Reputation: 339
I want to read only specific columns from HDF5 file and pass conditions on those columns. My concern is that I dont want to fetch all HDF5 file as dataframe in the memory. I want to get only my necessary columns with their conditions.
columns=['col1', 'col2']
condition= "col2==1"
groupname='\path\to\group'
Hdf5File=os.path.join('path\to\hdf5.h5')
with pd.HDFStore(Hdf5File, mode='r', format='table') as store:
if groupname in store:
df=pd.read_hdf(store, key=groupname, columns=columns, where=["col2==1"])
I get an error :
TypeError: cannot pass a column specification when reading a Fixed format store. this store must be selected in its entirety
Then I use below line which returns only specific columns:
df=store[groupname][columns]
But I dont know how can I pass condition on it.
Upvotes: 8
Views: 7501
Reputation: 210912
In order to be able to read HDF5 files conditionally, they must be saved in the table
format and the corresponding columns must be indexed.
Demo:
df = pd.DataFrame(np.random.rand(100,5), columns=list('abcde'))
df.to_hdf('c:/temp/file.h5', 'df_key', format='t', data_columns=True)

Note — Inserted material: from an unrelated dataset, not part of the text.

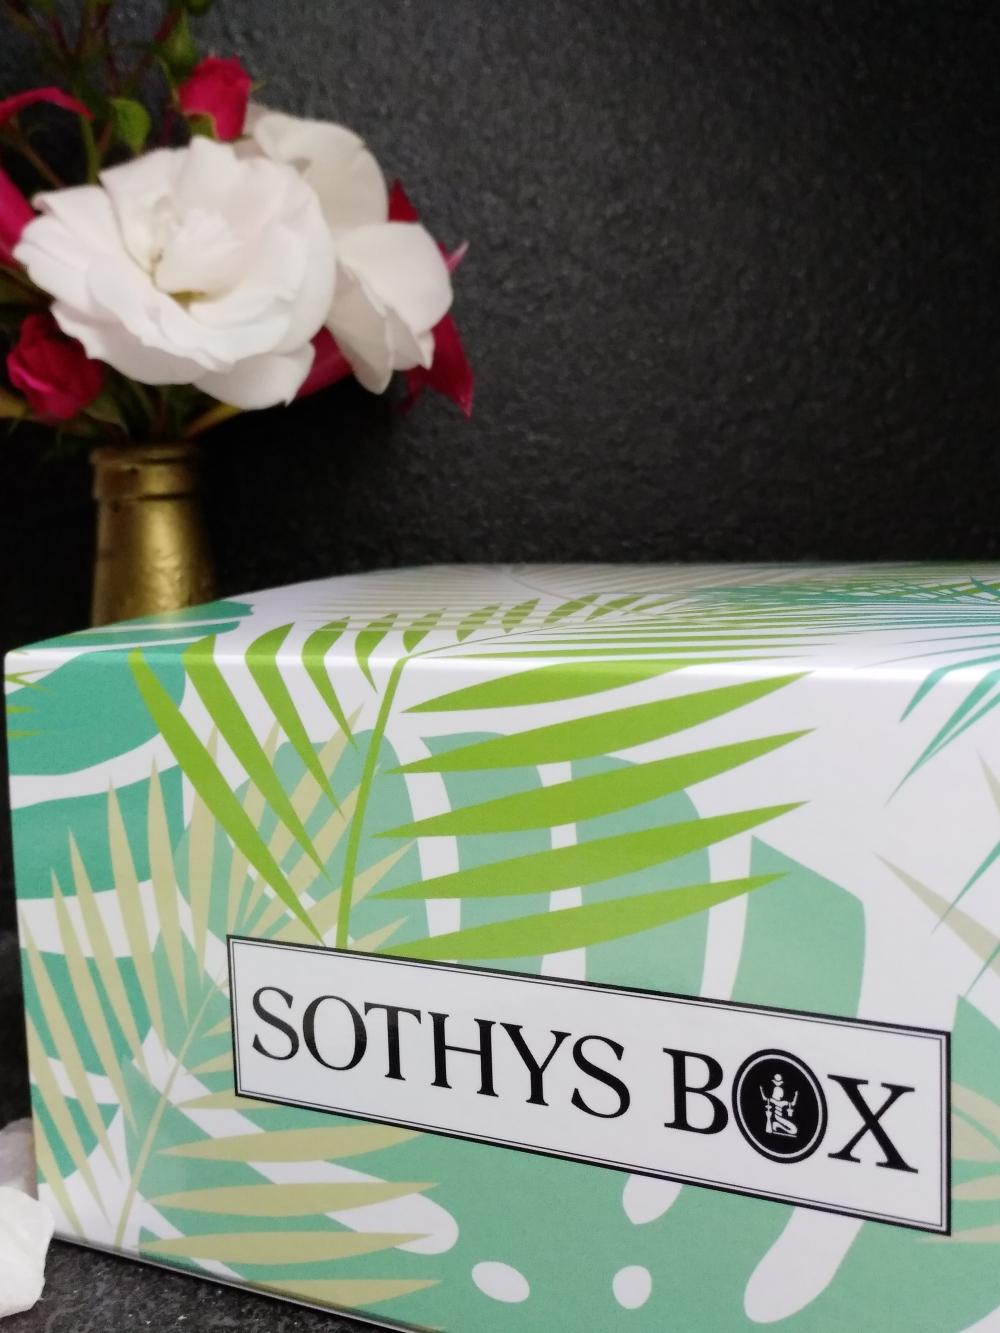 Sothys Box Summer Edition 2017

In [10]: pd.read_hdf('c:/temp/file.h5', 'df_key', where="a > 0.5 and a < 0.75")
Out[10]:
a b c d e
3 0.744123 0.515697 0.005335 0.017147 0.176254
5 0.555202 0.074128 0.874943 0.660555 0.776340
6 0.667145 0.278355 0.661728 0.705750 0.623682
8 0.701163 0.429860 0.223079 0.735633 0.476182
14 0.645130 0.302878 0.428298 0.969632 0.983690
15 0.633334 0.898632 0.881866 0.228983 0.216519
16 0.535633 0.906661 0.221823 0.608291 0.330101
17 0.715708 0.478515 0.002676 0.231314 0.075967
18 0.587762 0.262281 0.458854 0.811845 0.921100
21 0.551251 0.537855 0.906546 0.169346 0.063612
.. ... ... ... ... ...
68 0.610958 0.874373 0.785681 0.147954 0.966443
72 0.619666 0.818202 0.378740 0.416452 0.903129
73 0.500782 0.536064 0.697678 0.654602 0.054445
74 0.638659 0.518900 0.210444 0.308874 0.604929
76 0.696883 0.601130 0.402640 0.150834 0.264218
77 0.692149 0.963457 0.364050 0.152215 0.622544
85 0.737854 0.055863 0.346940 0.003907 0.678405
91 0.644924 0.840488 0.151190 0.566749 0.181861
93 0.710590 0.900474 0.061603 0.144200 0.946062
95 0.601144 0.288909 0.074561 0.615098 0.737097
[33 rows x 5 columns]
UPDATE:
If you can't change the HDF5 file, then consider the following technique:
In [13]: df = pd.concat([x.query("0.5 < a < 0.75")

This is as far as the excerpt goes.